1. Select <b>csv</b> for the <b>File format</b>.

![Export Data component settings](./img/vdexportscores.png)

## Step 2: Submit and Publish pipeline
First submit the pipeline and ensure it runs as expected. Second publish the pipeline endpoint.

1. Press <b>Submit</b>
2. Choose <b>Create New</b> for Experiment.
3. Name the new experiment using this convention. "pipeline-score-diabetes-\<userid\>-prod"
4. Press the <b>Submit</b> button.
5. Monitor the run for completion.

![Set up pipeline run settings](./img/vdsubmitscore.png)

1. Verify <b>diabetes.csv</b> was created after the pipeline run in <b>/2-silver</b> folder.

![screenshot of Storage Explorer showing output files from pipeline run](./img/vdstorageexplorerscoredata.png)

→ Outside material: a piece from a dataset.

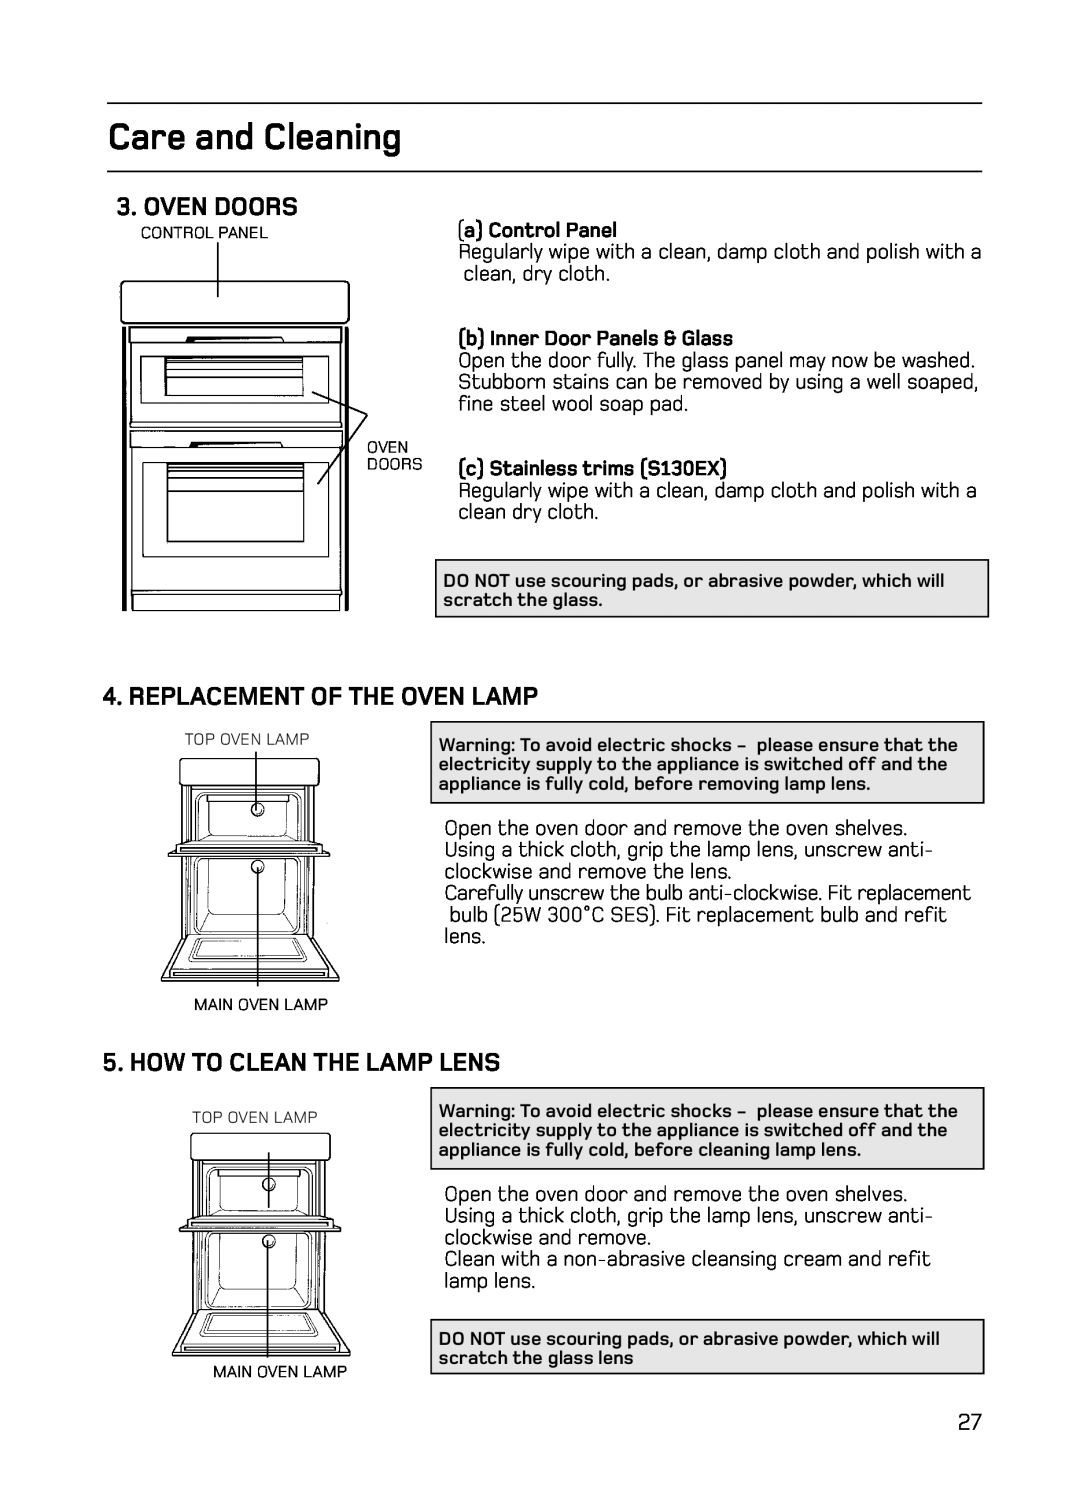 Hotpoint S130E Mk2 manual Oven Doors, Replacement Of The Oven Lamp, How To Clean The Lamp Lens, Care and Cleaning

1. Preview the diabetes.csv file and verify the <b>Diabetes</b> column is present with scores.

![Preview of diabetes.csv score file with Diabetes column highlighted](./img/vdscoredatapreview.png)

1. Open the pipeline and press the <b>Publish</b> button.
2. Choose <b>Create new</b> and name the pipeline endpoint the same as the pipeline draft.
3. Press the <b>Publish</b> button.

![The Set up published pipeline menu in the AML Studio Visual Designer](./img/vdpublishscorepipeline.png)

## The End

This score pipeline will be orchestrated using Azure Data Factory with data prep and training pipelines that are published in Module 3.